Top of Collected data

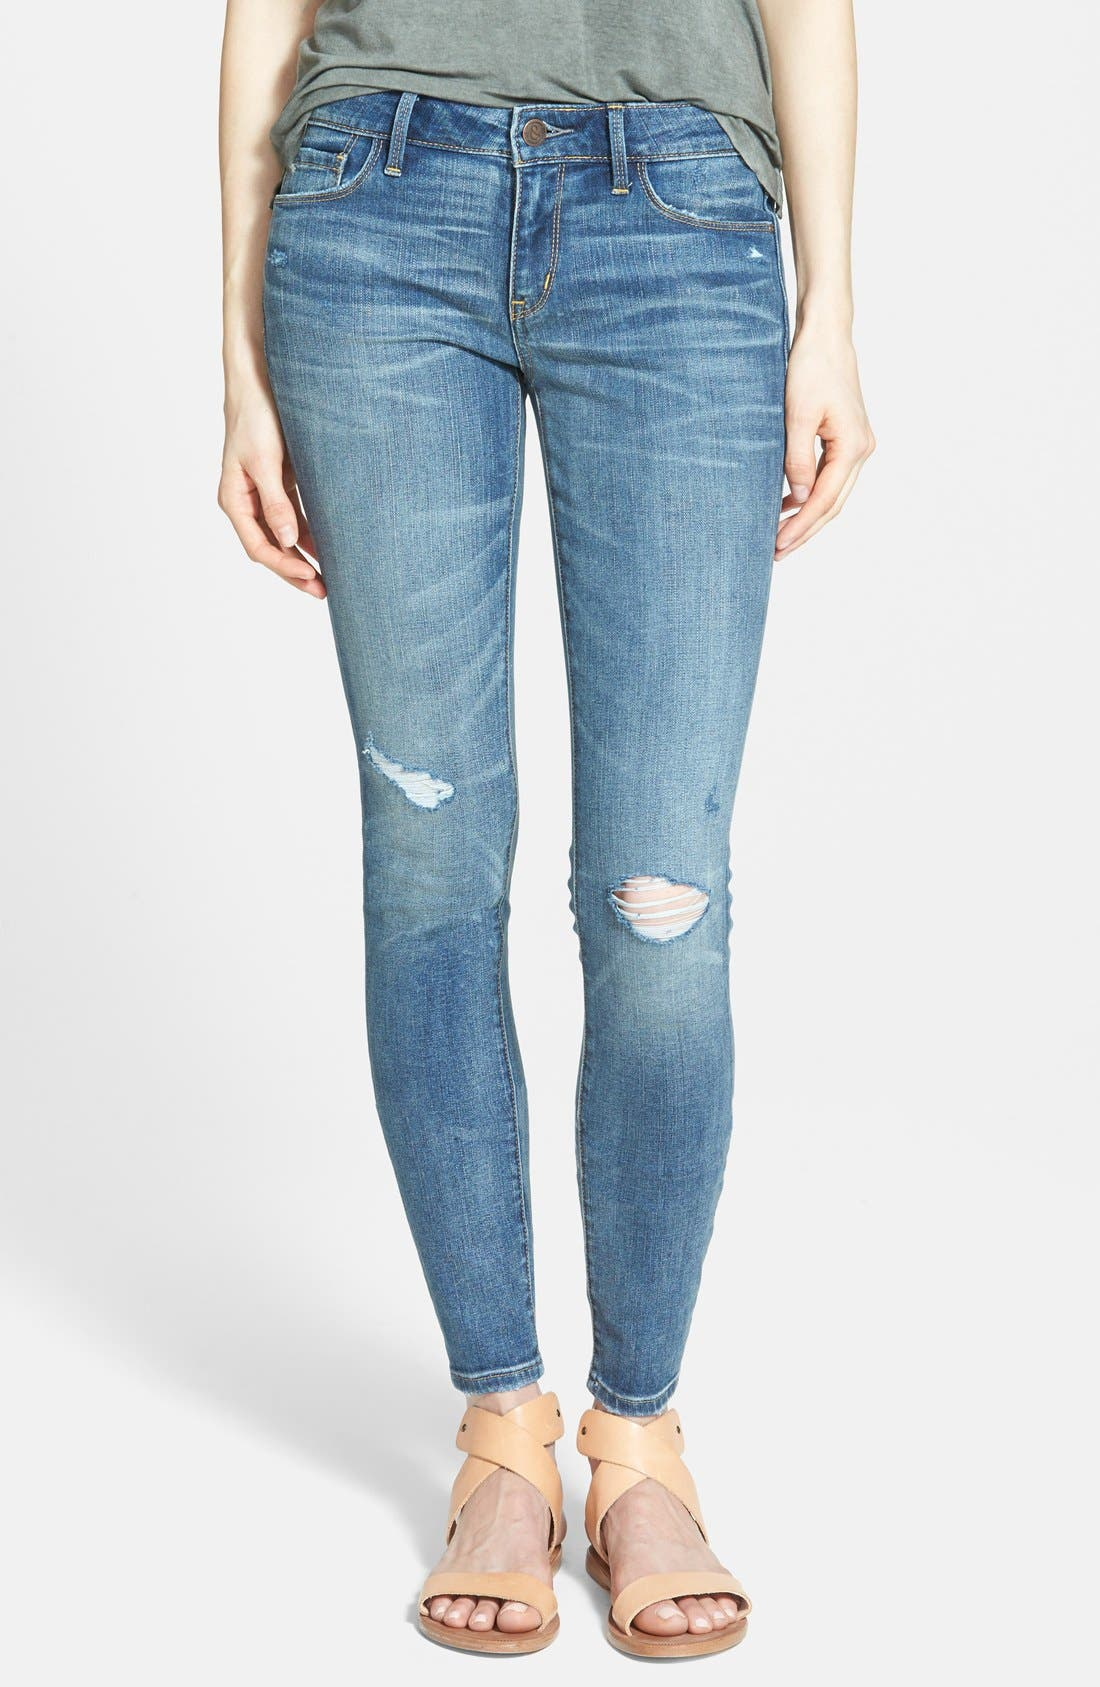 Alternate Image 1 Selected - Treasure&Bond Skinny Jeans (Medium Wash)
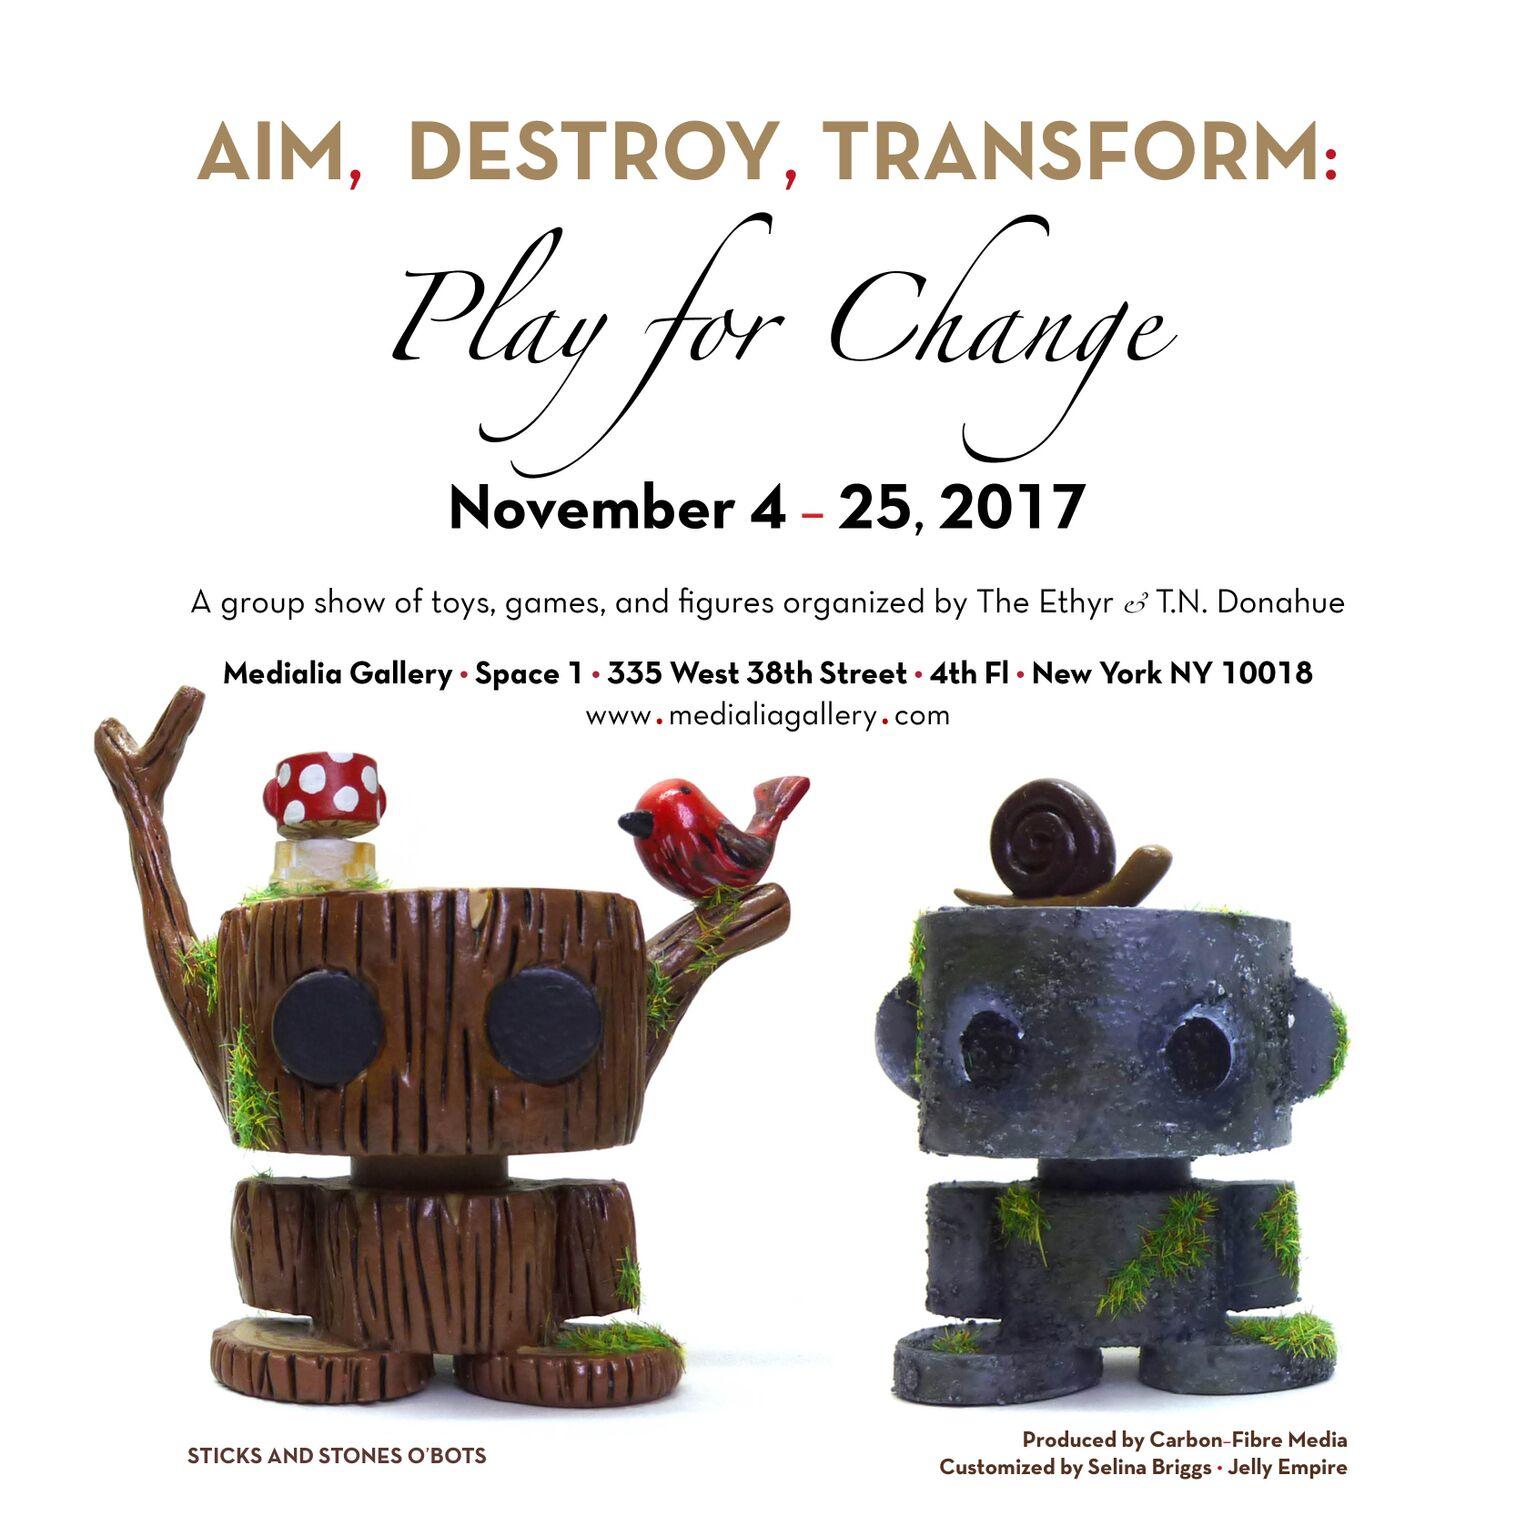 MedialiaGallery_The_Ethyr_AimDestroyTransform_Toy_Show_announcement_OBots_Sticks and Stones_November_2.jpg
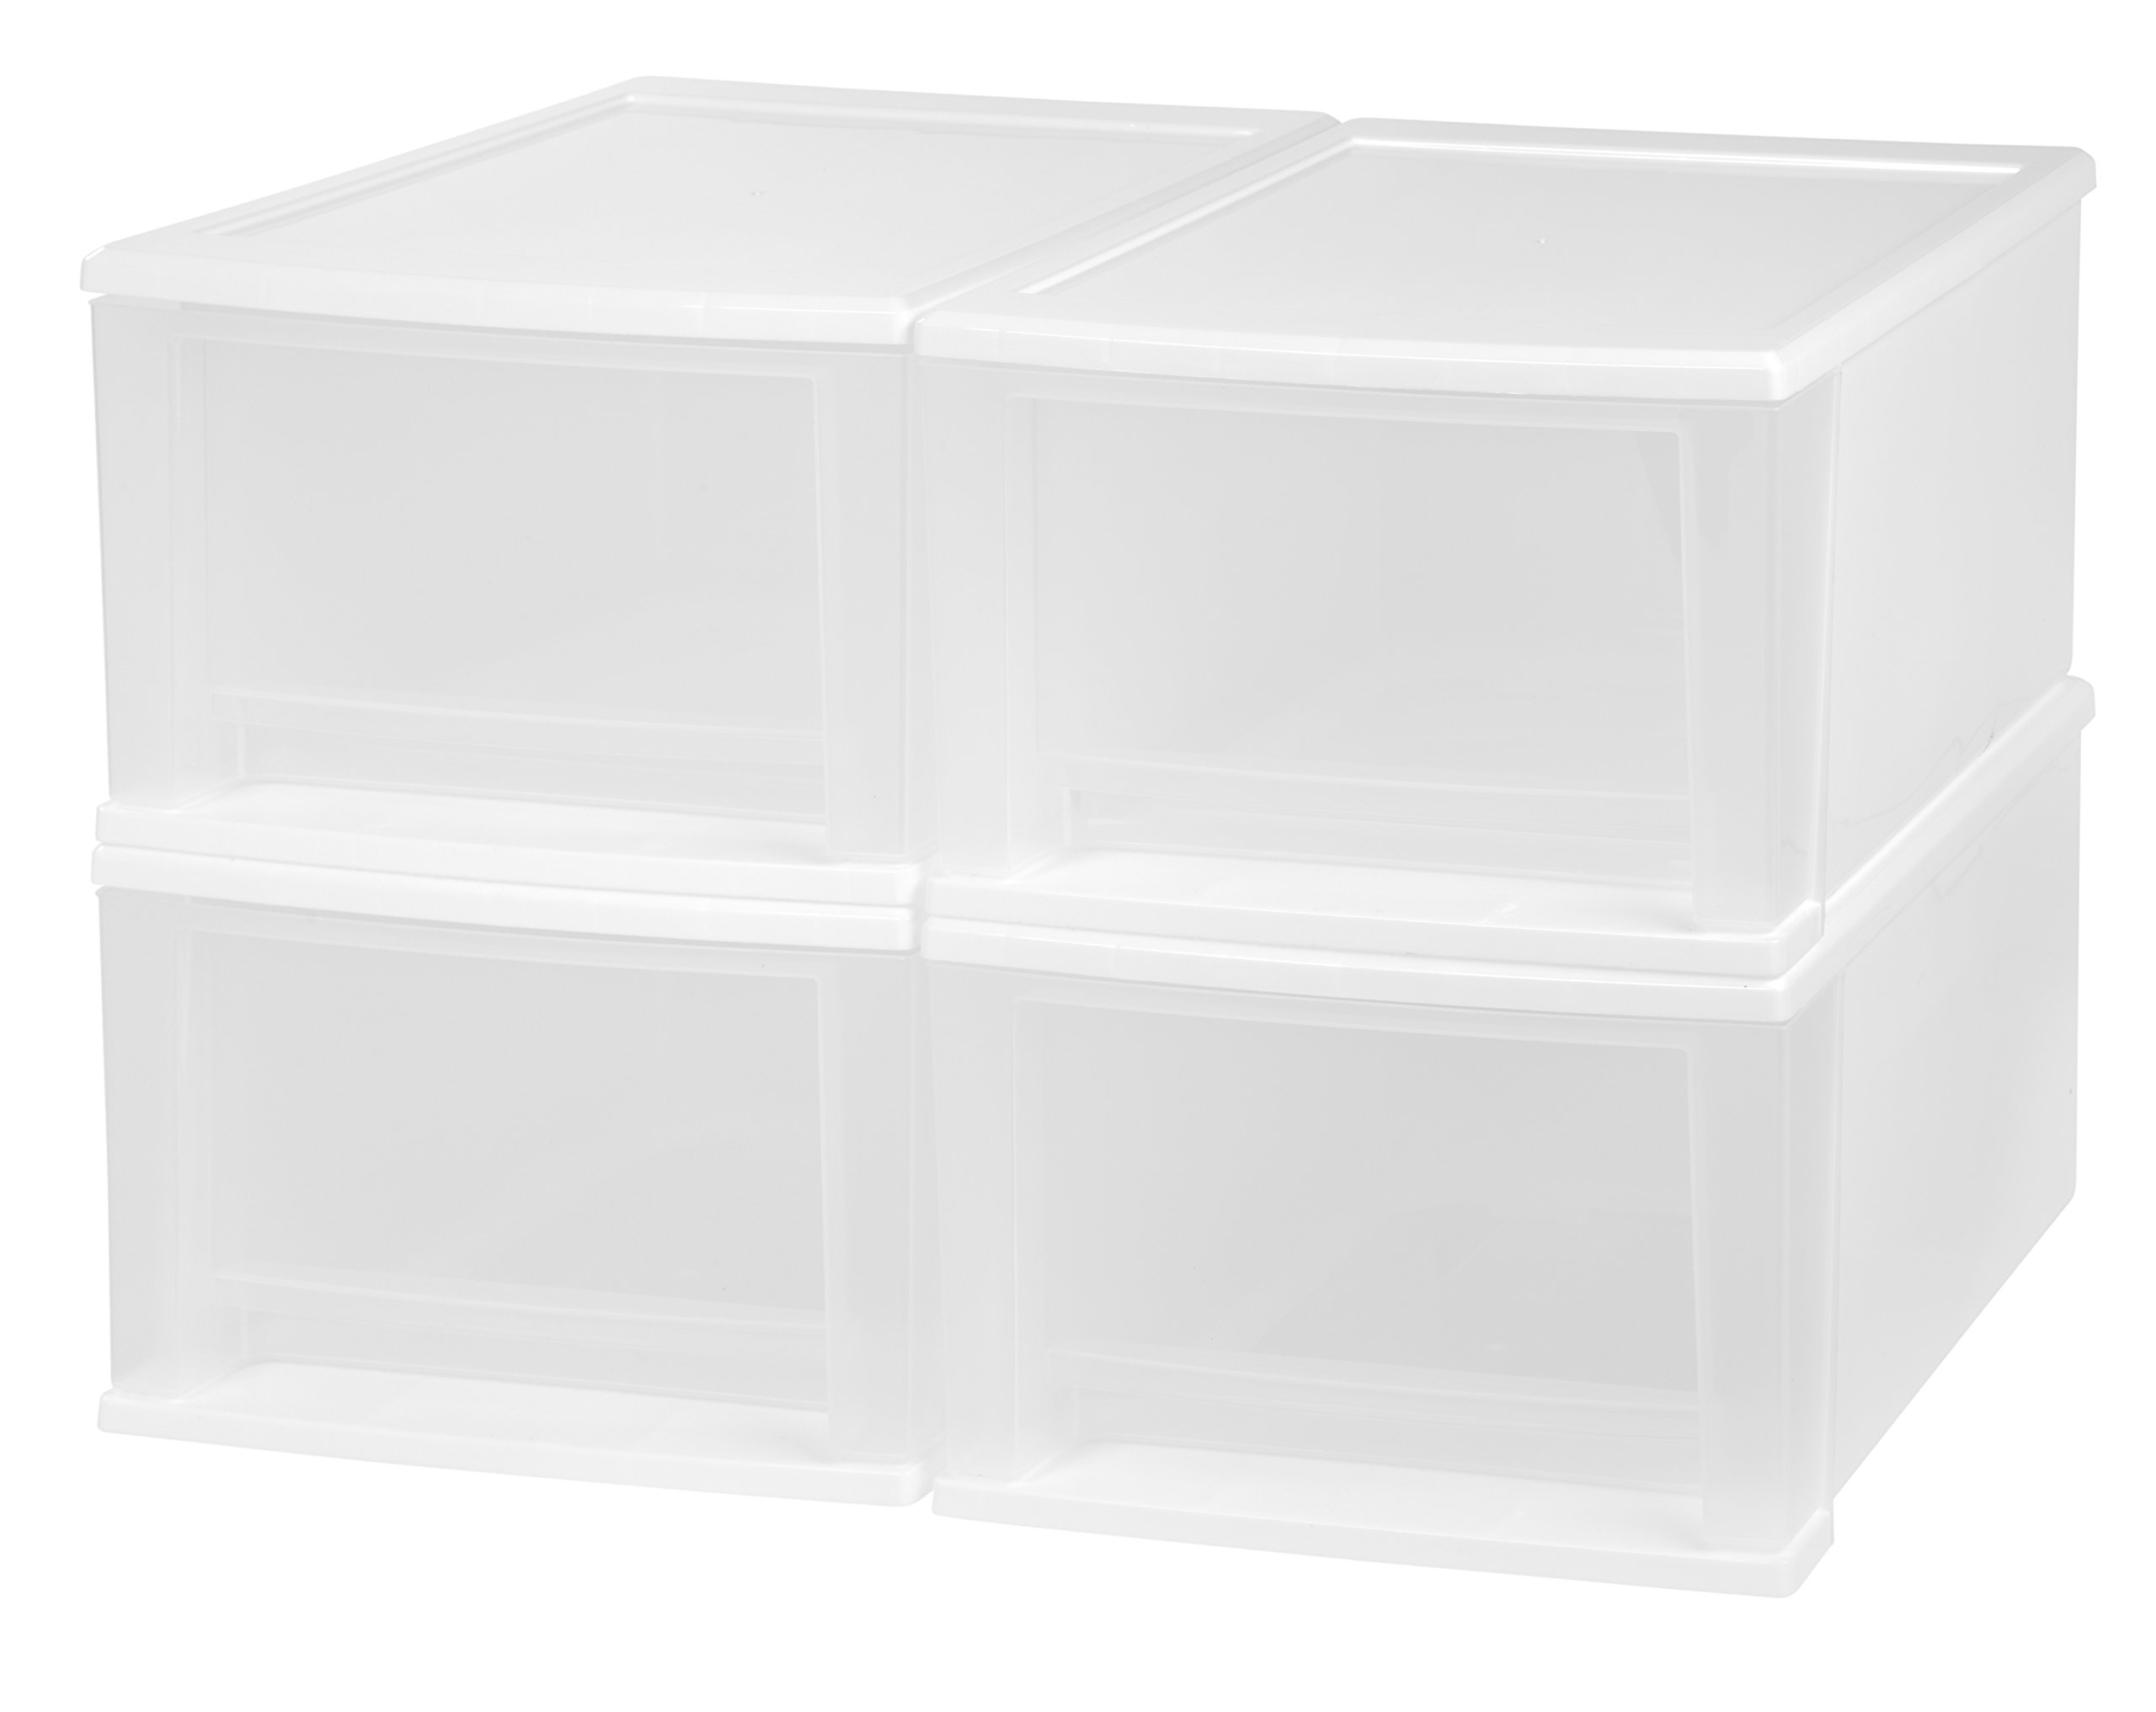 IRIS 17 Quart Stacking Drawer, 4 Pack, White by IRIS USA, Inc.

Bottom of Collected data

• Required work:
Nothing but the listing, copied exactly and stripped of its images, should appear in the response.

• The completed task:
 Alternate Image 1 Selected - Treasure&Bond Skinny Jeans (Medium Wash)
 MedialiaGallery_The_Ethyr_AimDestroyTransform_Toy_Show_announcement_OBots_Sticks and Stones_November_2.jpg
 IRIS 17 Quart Stacking Drawer, 4 Pack, White by IRIS USA, Inc.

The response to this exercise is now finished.